As part of well-crafted succession planning and leadership development programs, innovative practices such as job rotation, leadership development through coaching, mentoring, action learning and next-generation behavioural performance evaluation must all be considered.
 
TEAM EFFECTIVENESS: DEVELOP A TEAM OF HIGH PERFORMANCE CO-LEADERS
 
While credit must be given to Lee for the unprecedented social and economic progress that Singapore made during that period, the same credit should also be shared by the old guard and his outstanding team of co-leaders, including luminaries like E.W. Barker, Hon Sui Sen, S. Rajaratnam, Toh Chin Chye and Goh Keng Swee, to name but a few. Lee once described his own generation of leaders as exceptional “dinosaurs, an extinct breed of men who went into politics because of the passion of their convictions.”
 
One of the most enduring legacies was Lee’s ability to select and work with a team of equally dedicated men all of whom shared one common characteristic: they loved Singapore and would put the nation interest above theirs.
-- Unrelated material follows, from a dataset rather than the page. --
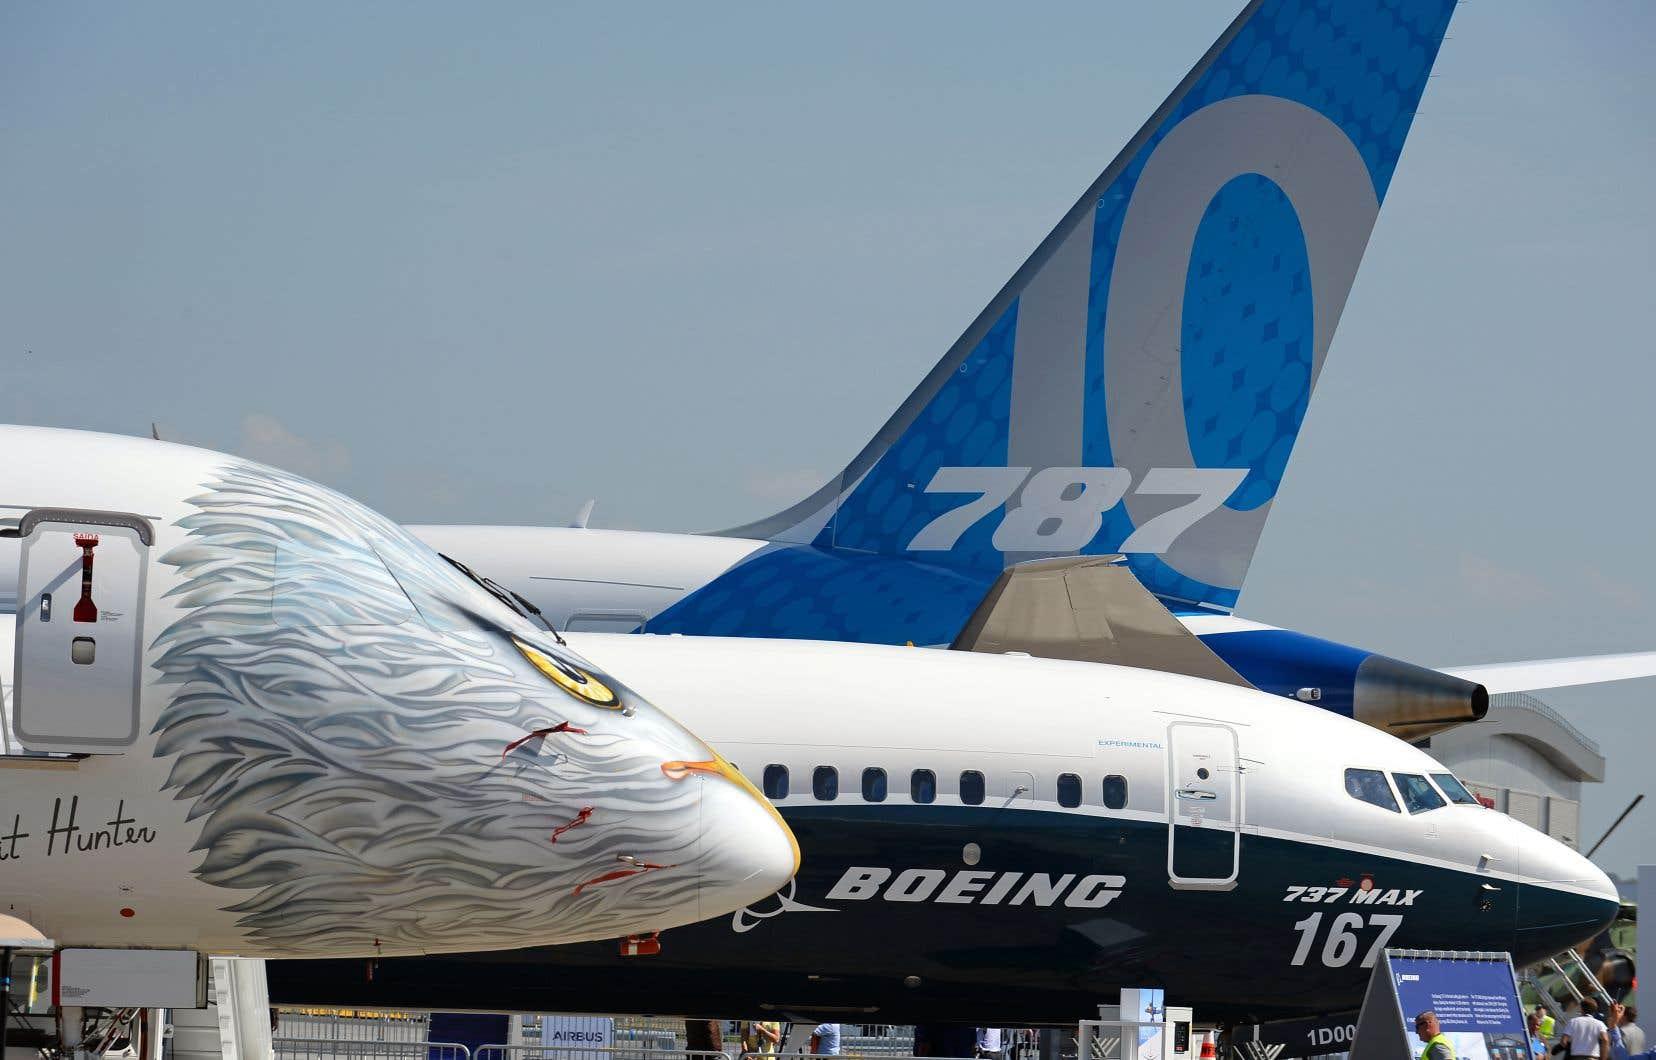 La prise de contrôle des avions de ligne d'Embraer permettrait à Boeing de regagner du terrain dans le moyen-courrier face à Airbus.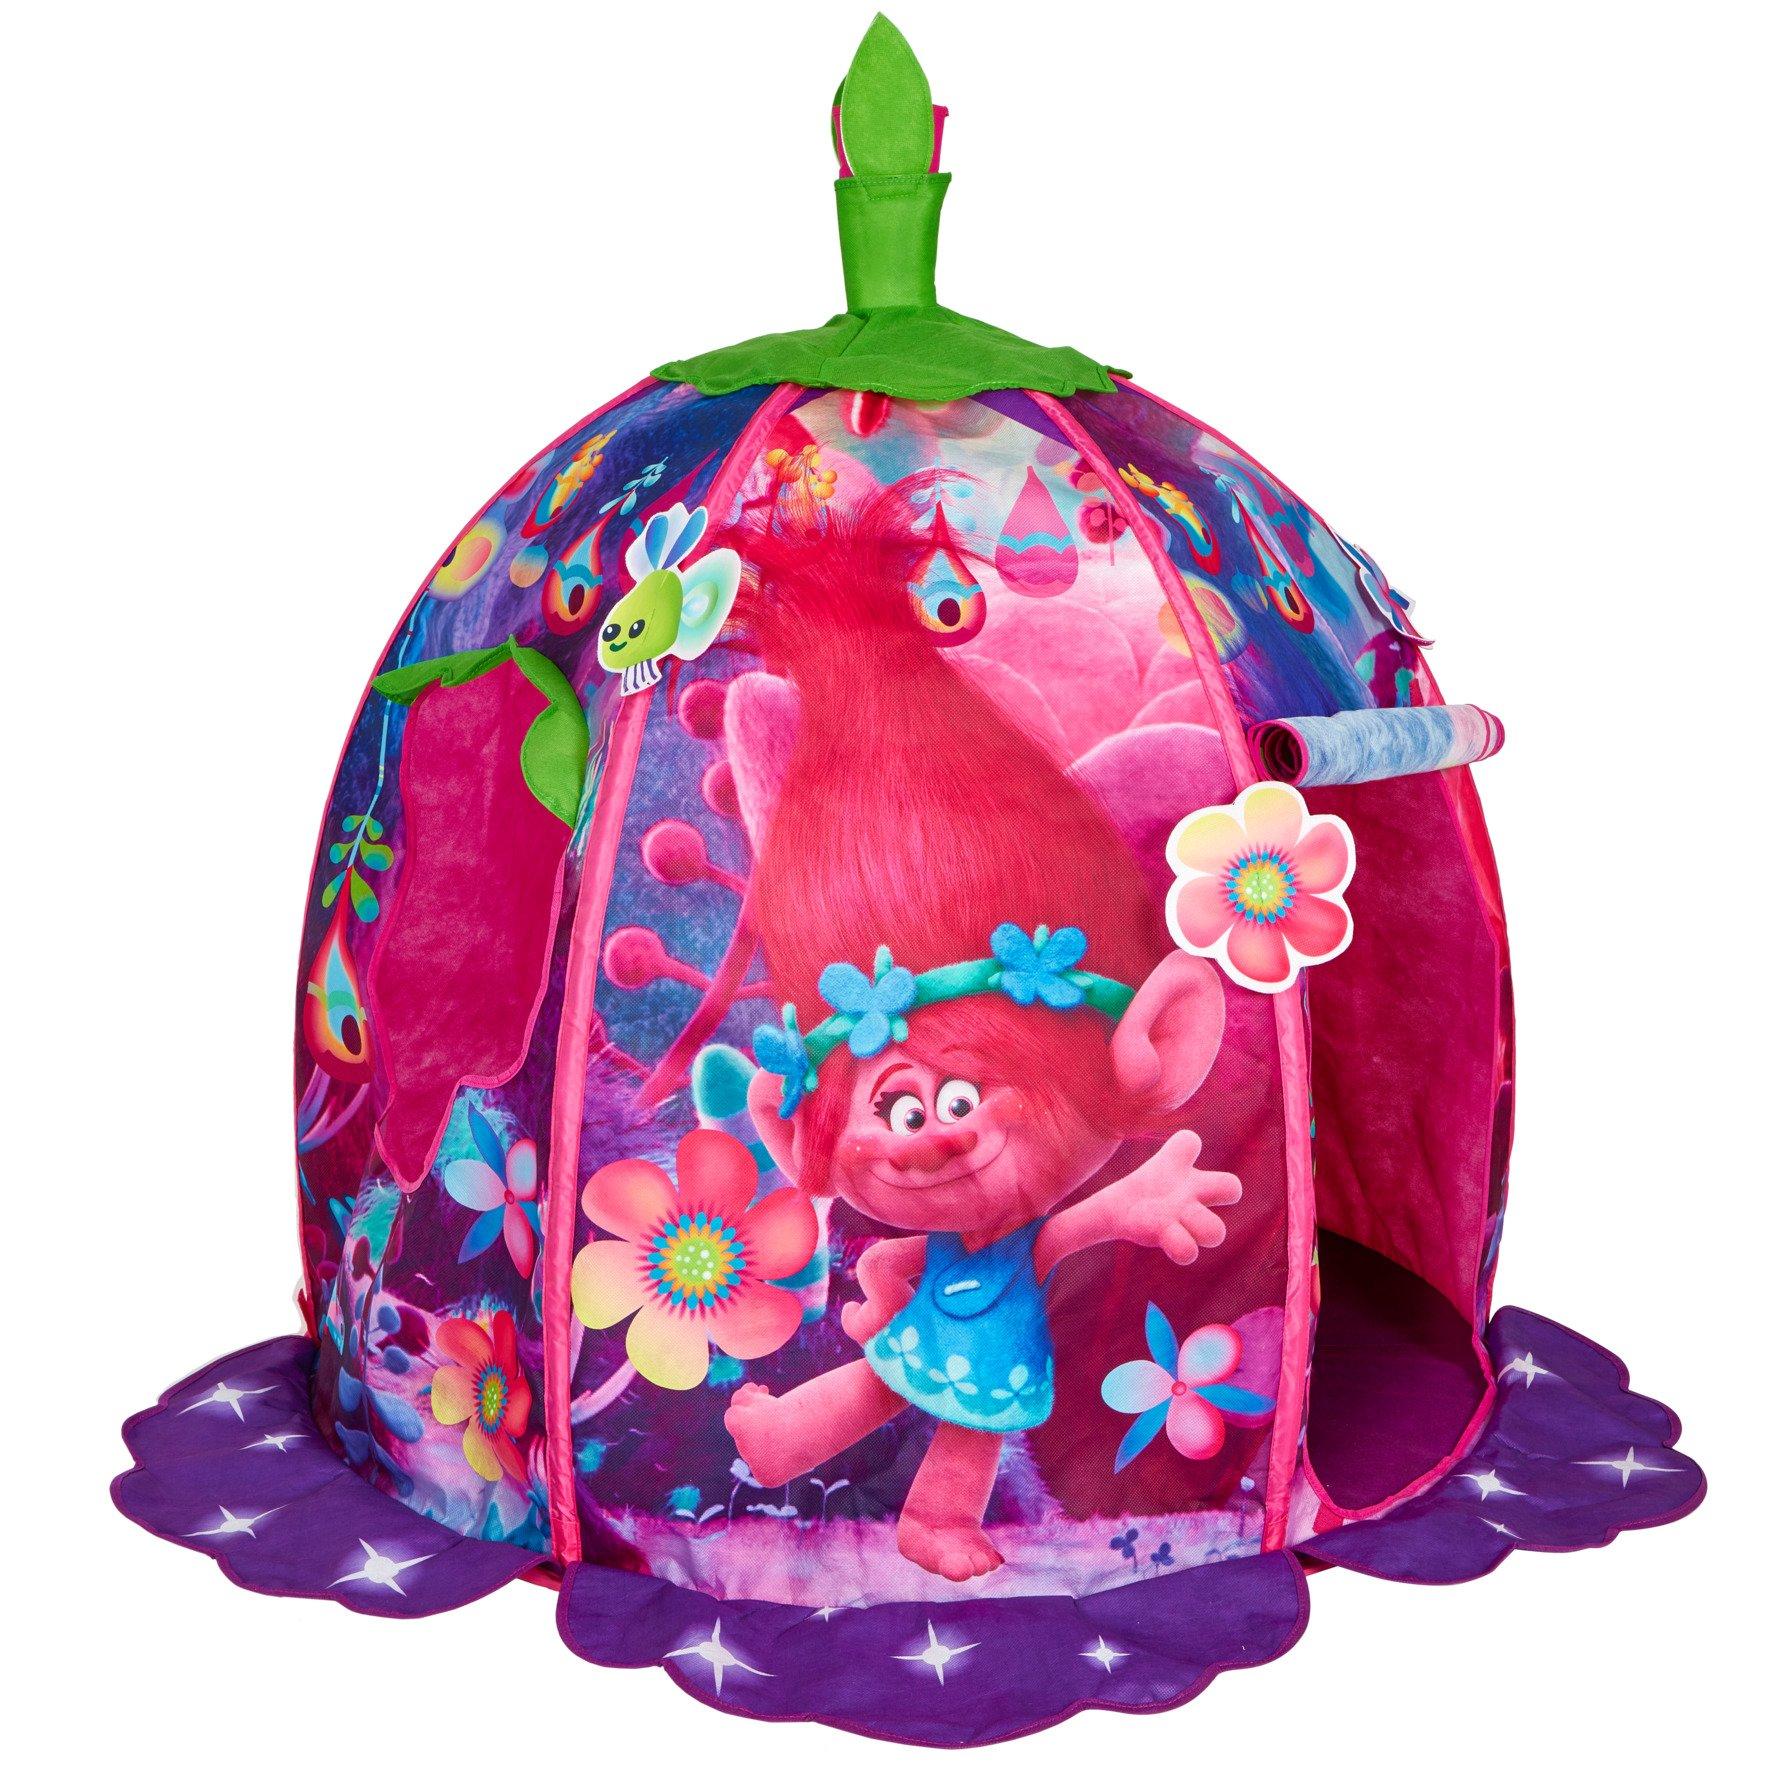 Trolls Poppy's Pod Play Tent (167TLL)

That more than anything drove the team to put aside differences for a common good. Lee and his team were obsessed with building a nation but they were never possessed by it. They never became personal or arrogant. Their obsession pushed them forward but they were not possessed by their egos.
 
These leaders were not lackeys. Unlike the public perception of him, many of his closest colleagues have testified that Lee knew the value of diverse views within his cabinet. He expected robust exchanges. He debated with them rigorously over policies and ideas. He selected intellectual equals as well as people with special expertise, whom he could tap on.

CONCLUSION

Like parenthood, leadership will never be an exact science. But neither should it be a complete mystery to those who practice it. Leadership is all about the ability to have impact and influence on your followers so as to engage them towards achieving results of your organisation.
 
Examining the leadership practices of successful leaders such as Lee Kuan Yew, all of us can get a clearer picture of what it takes to lead effectively. The business environment is continually changing, and a leader must respond in kind.